▸ Problem
Lines from the one with "Belgien-Karte radial Punktmuster." to the end of the material, both included: print them exactly and print nothing else. Omit the pictures.

▸ Recorded information
□ □ □ □ □ □ □

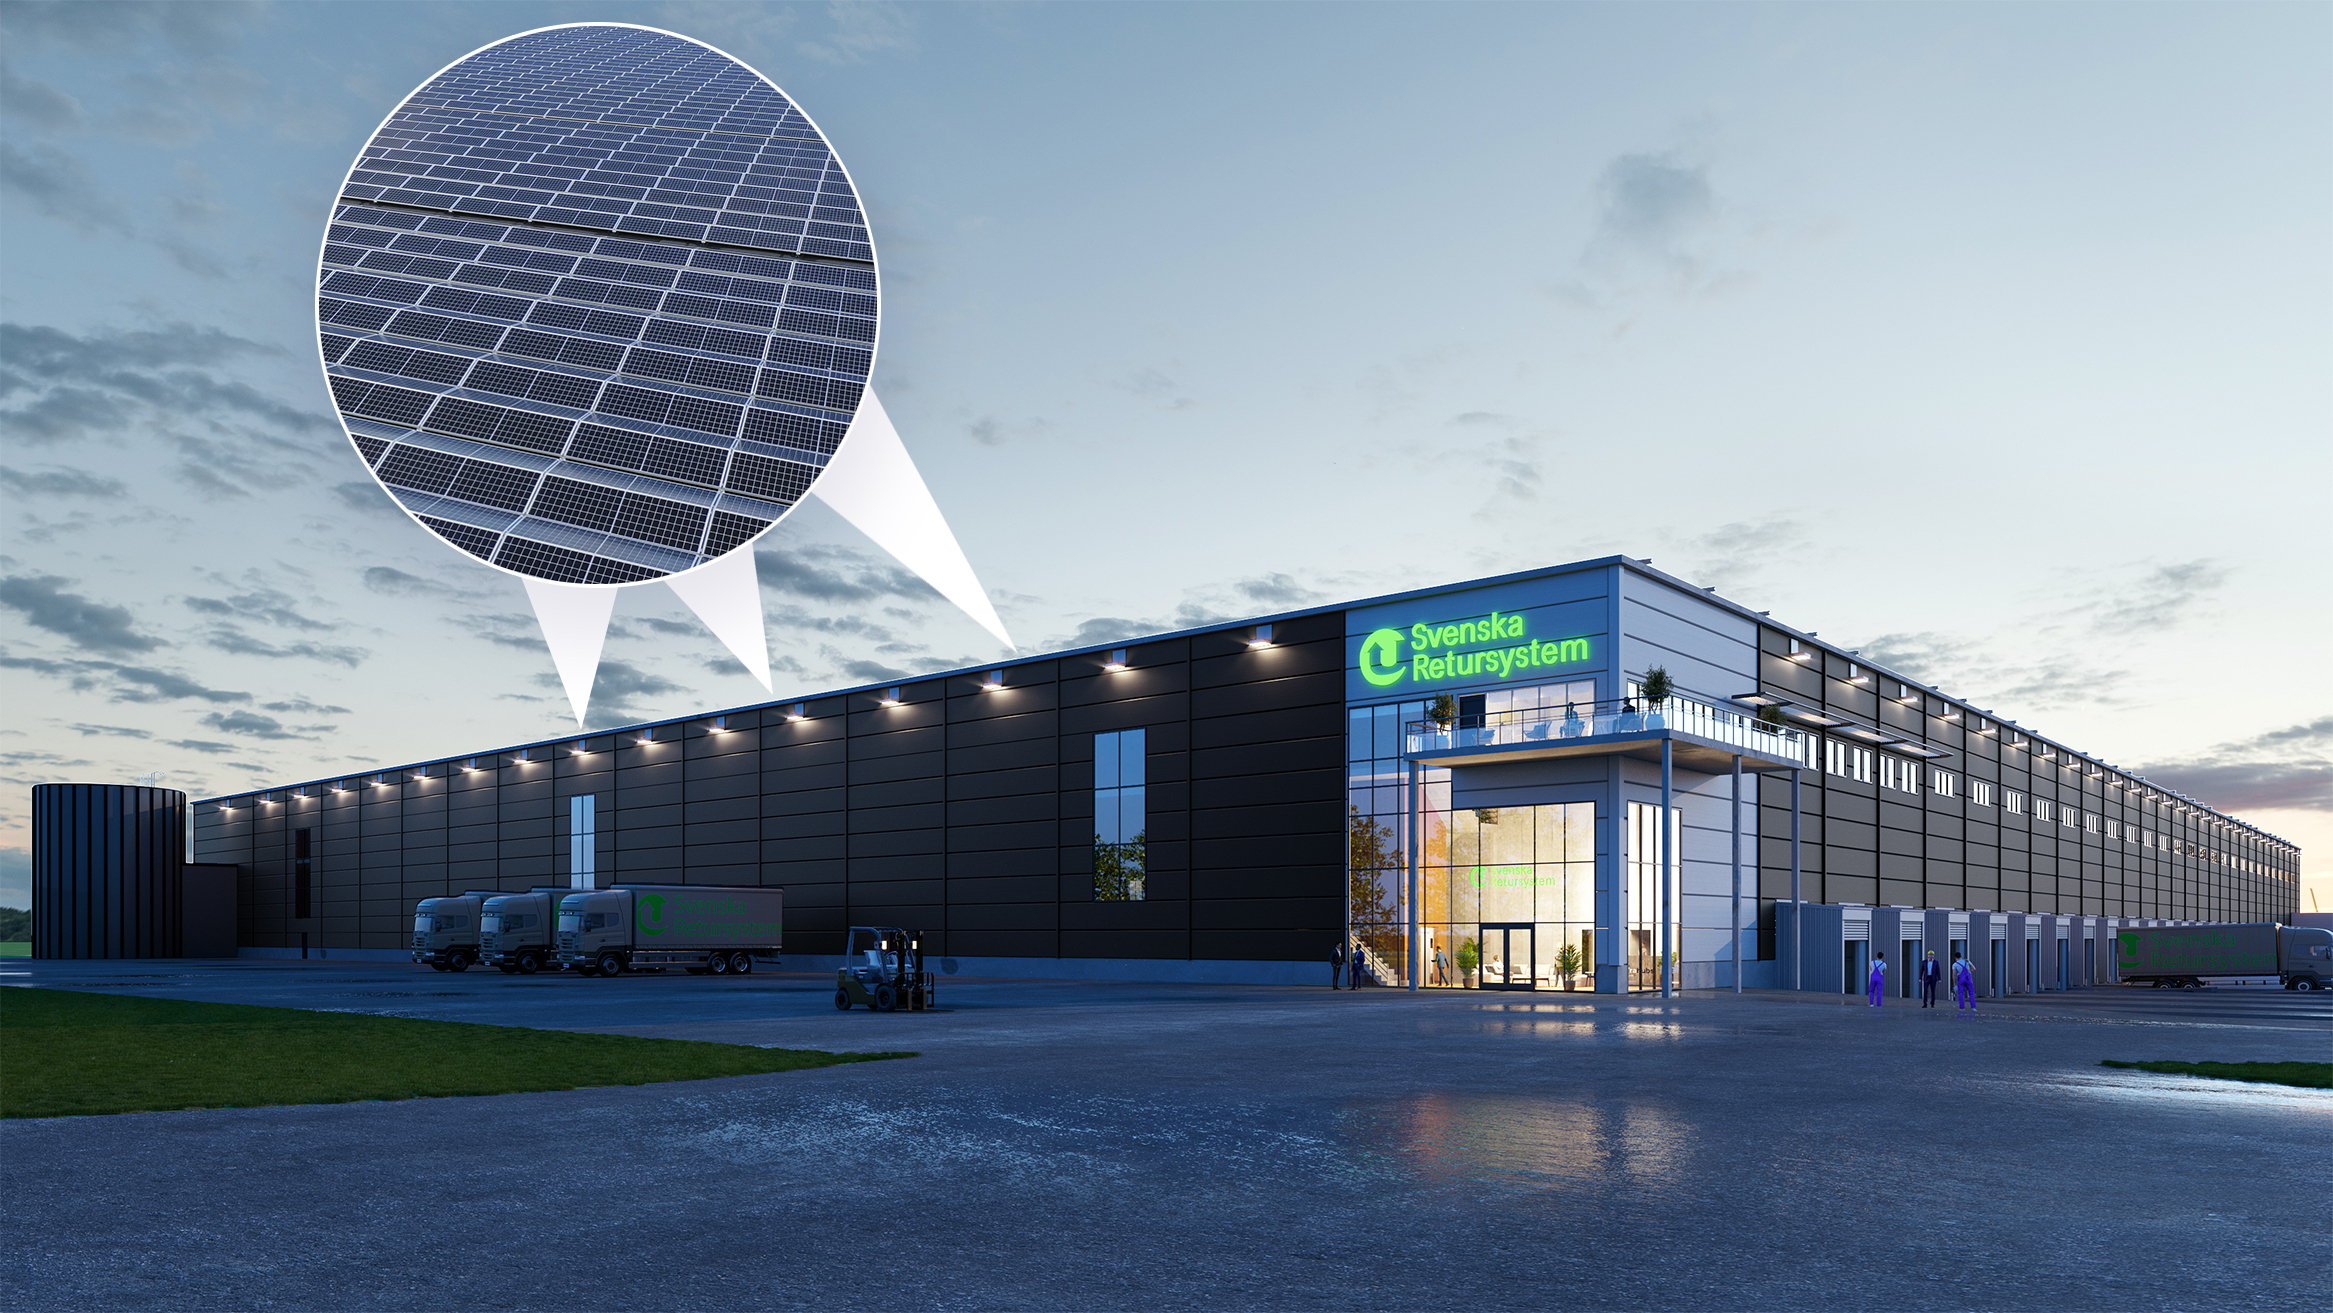 Soltech builds a solar energy solution for Svenska Retursystem in Jönköping - order value of SEK 25 million
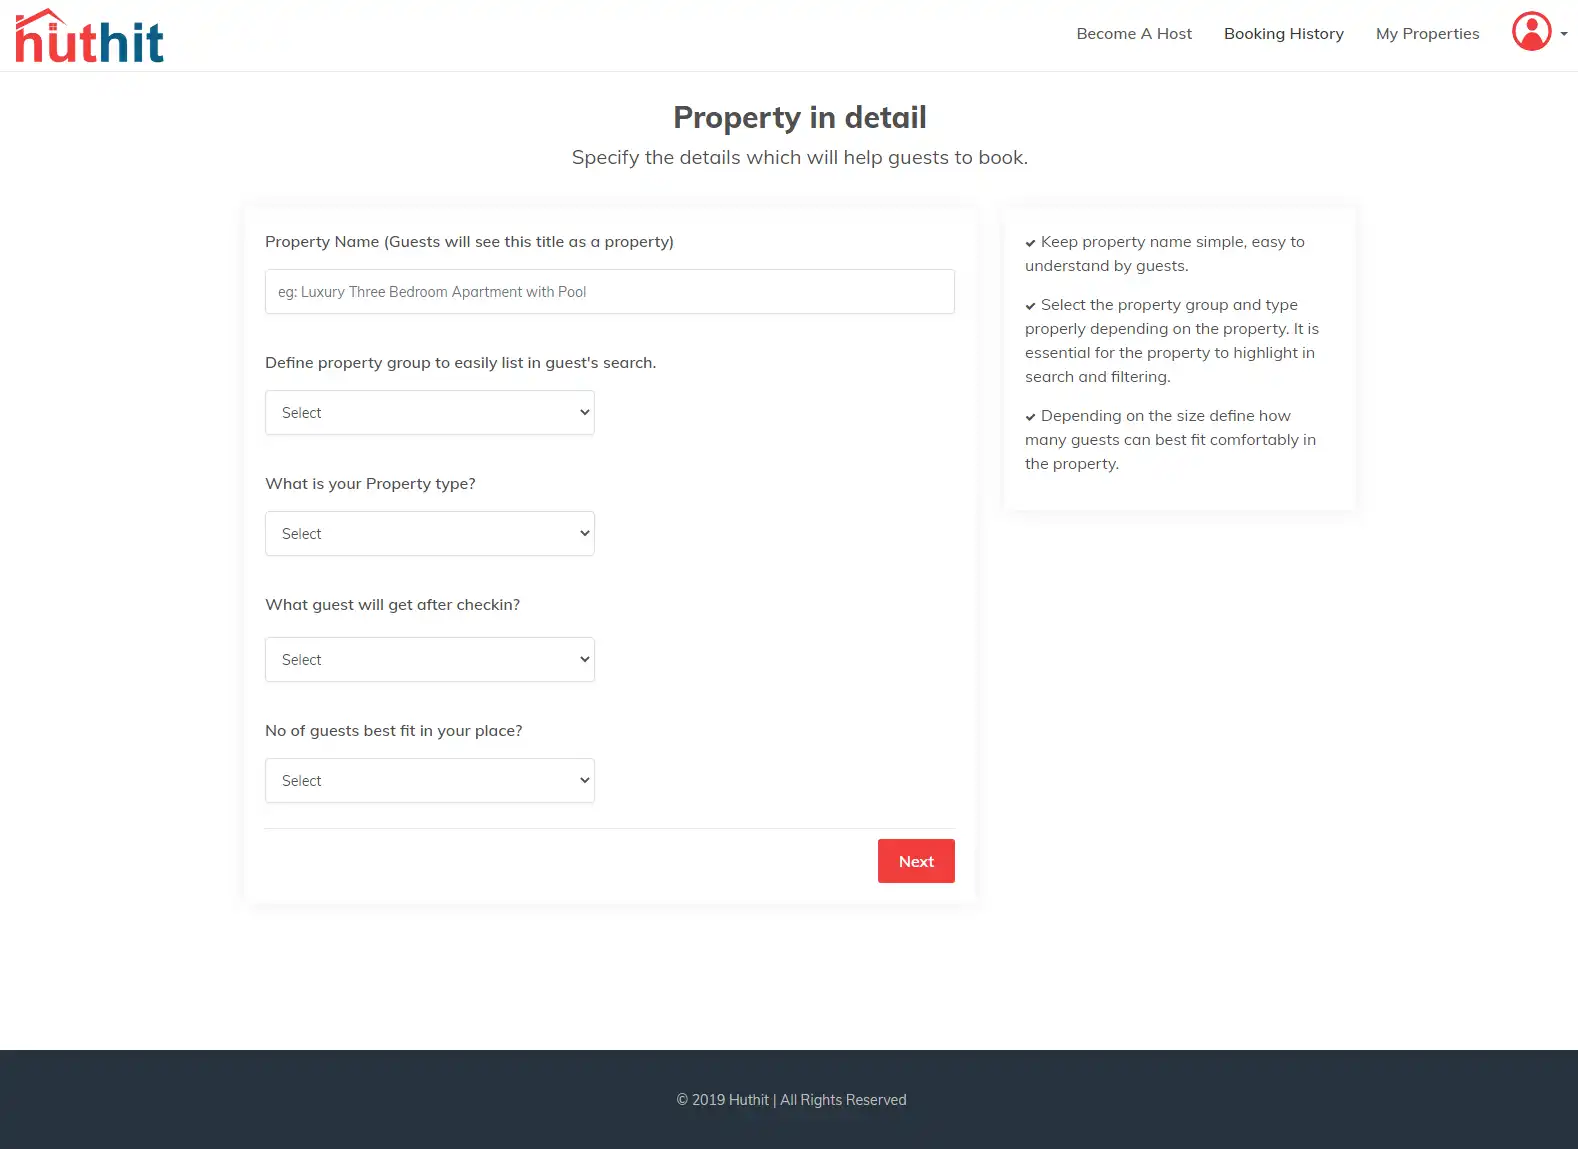 Huthit- basic property details
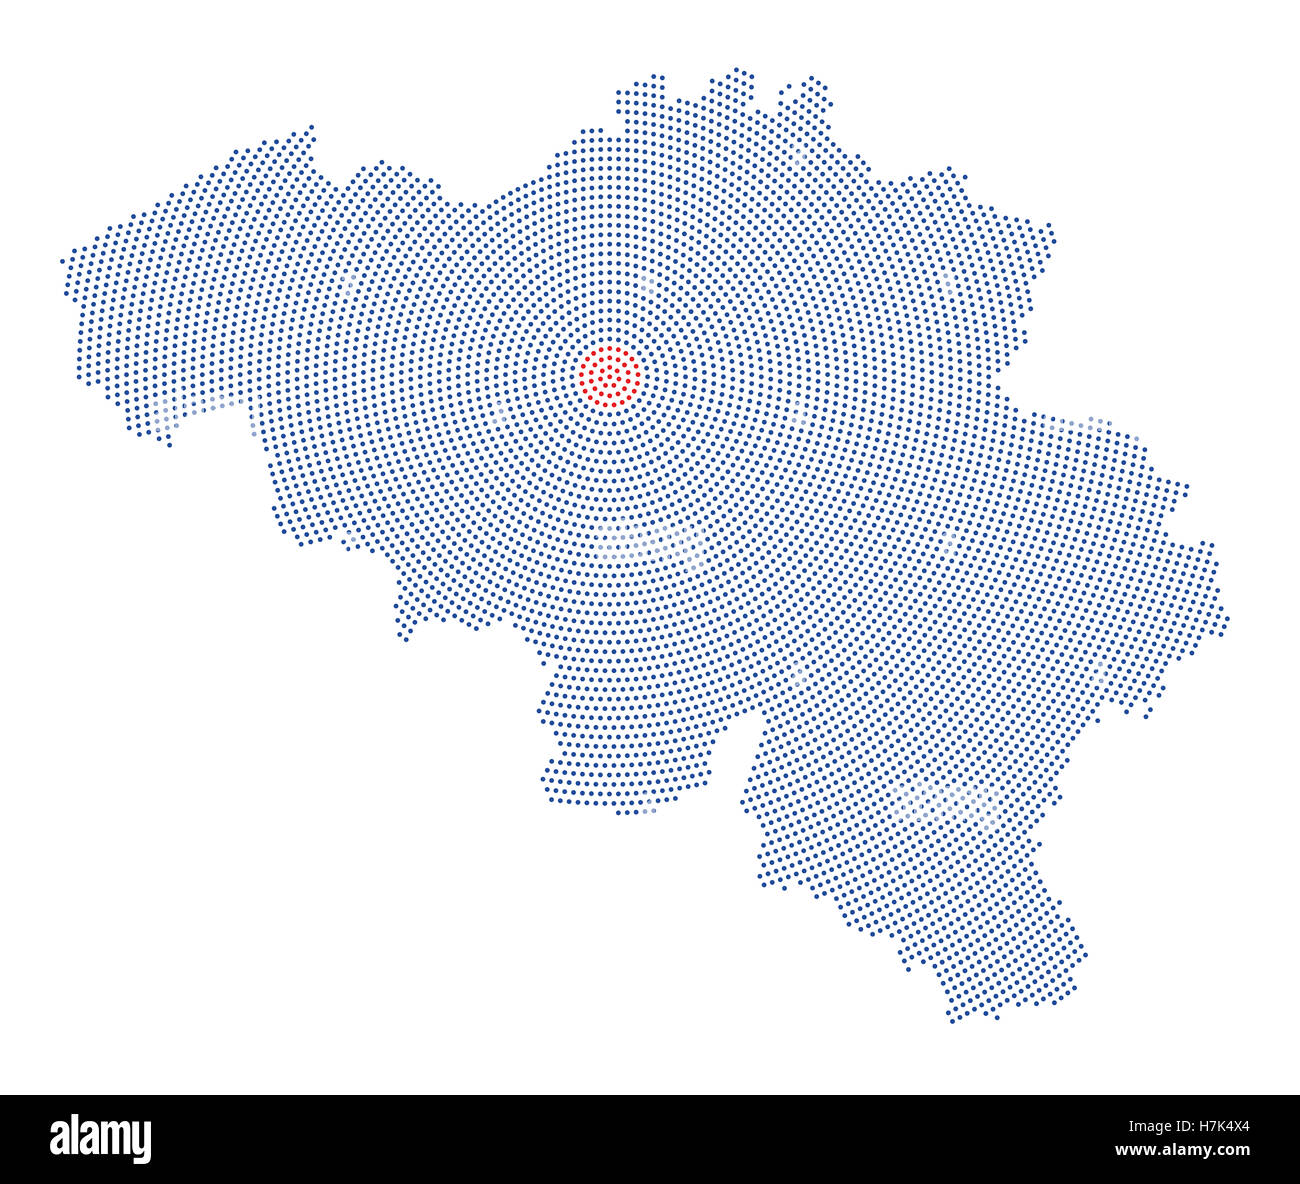 Belgien-Karte radial Punktmuster. Blaue Punkte gehen von den roten gepunkteten Hauptstadt Brüssel nach außen und bilden die Land-Silhouette. Stockfoto
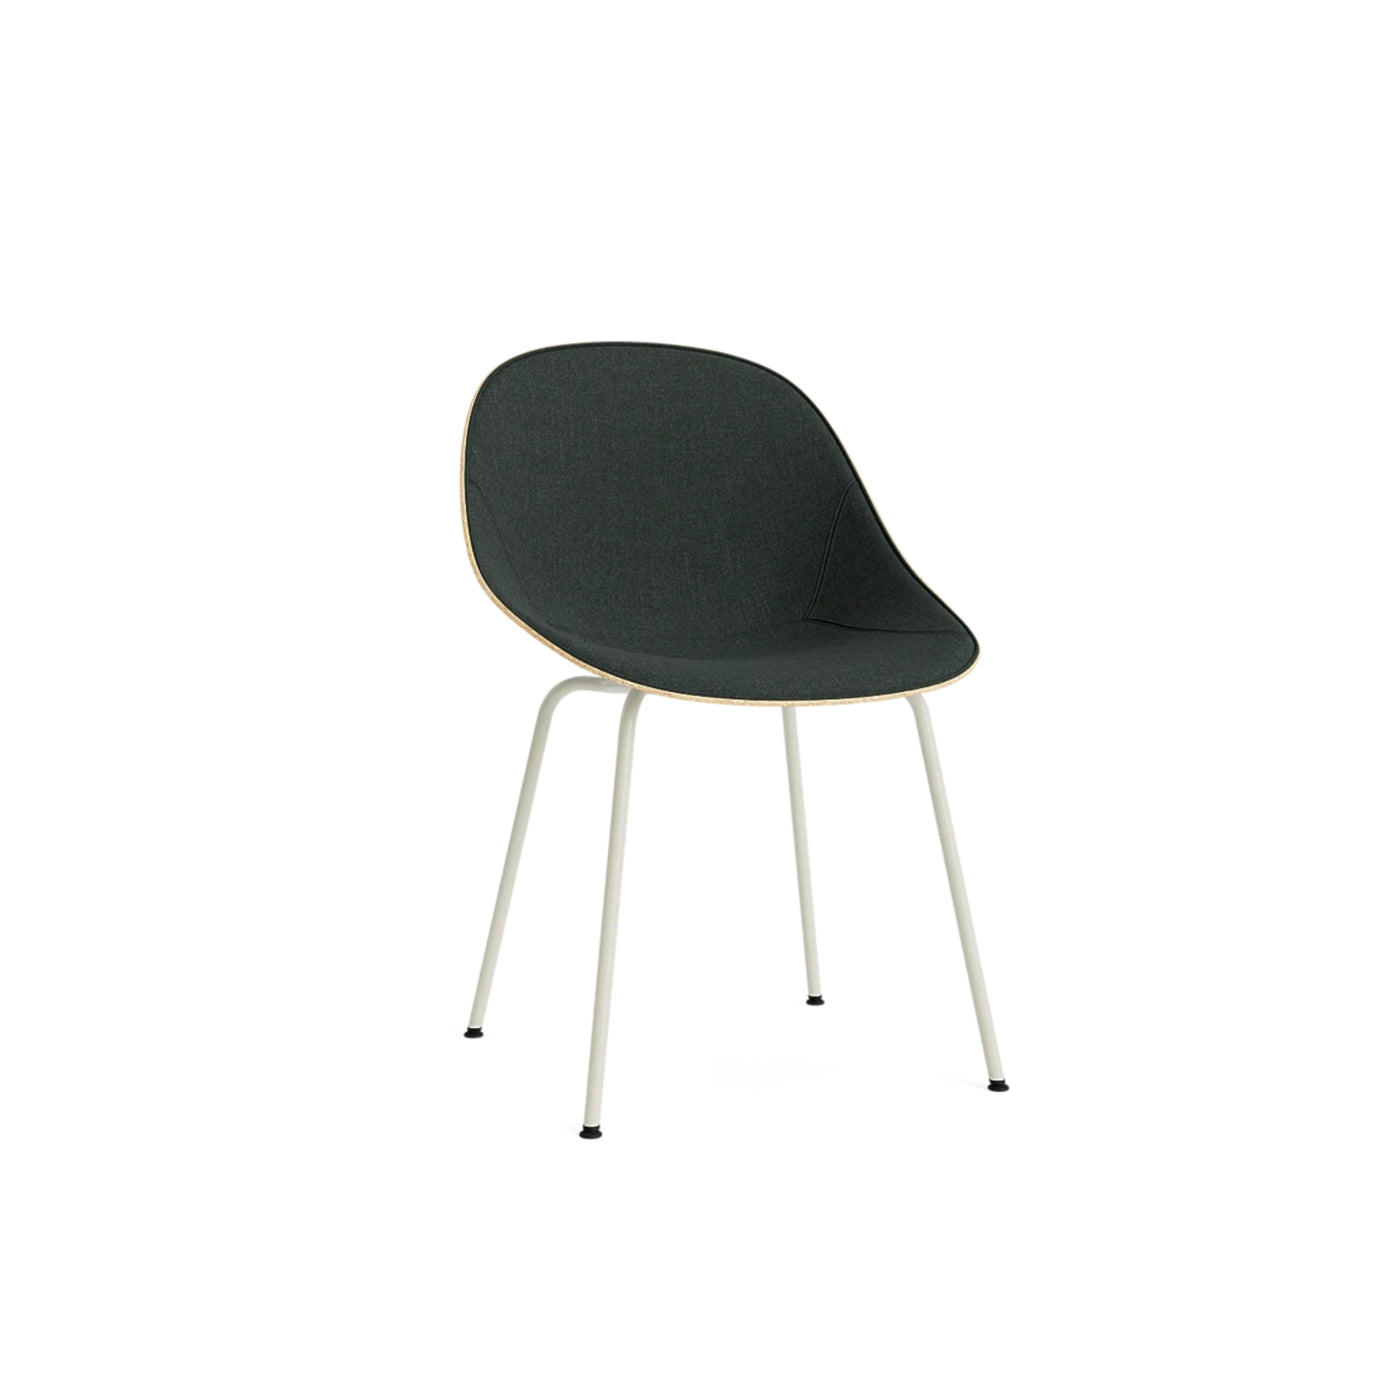 Normann Copenhagen Mat Chair at someday designs. #colour_remix-973

□ □ □ □ □ □ □

▸ Answer to this problem
 Belgien-Karte radial Punktmuster. Blaue Punkte gehen von den roten gepunkteten Hauptstadt Brüssel nach außen und bilden die Land-Silhouette. Stockfoto
 Normann Copenhagen Mat Chair at someday designs. #colour_remix-973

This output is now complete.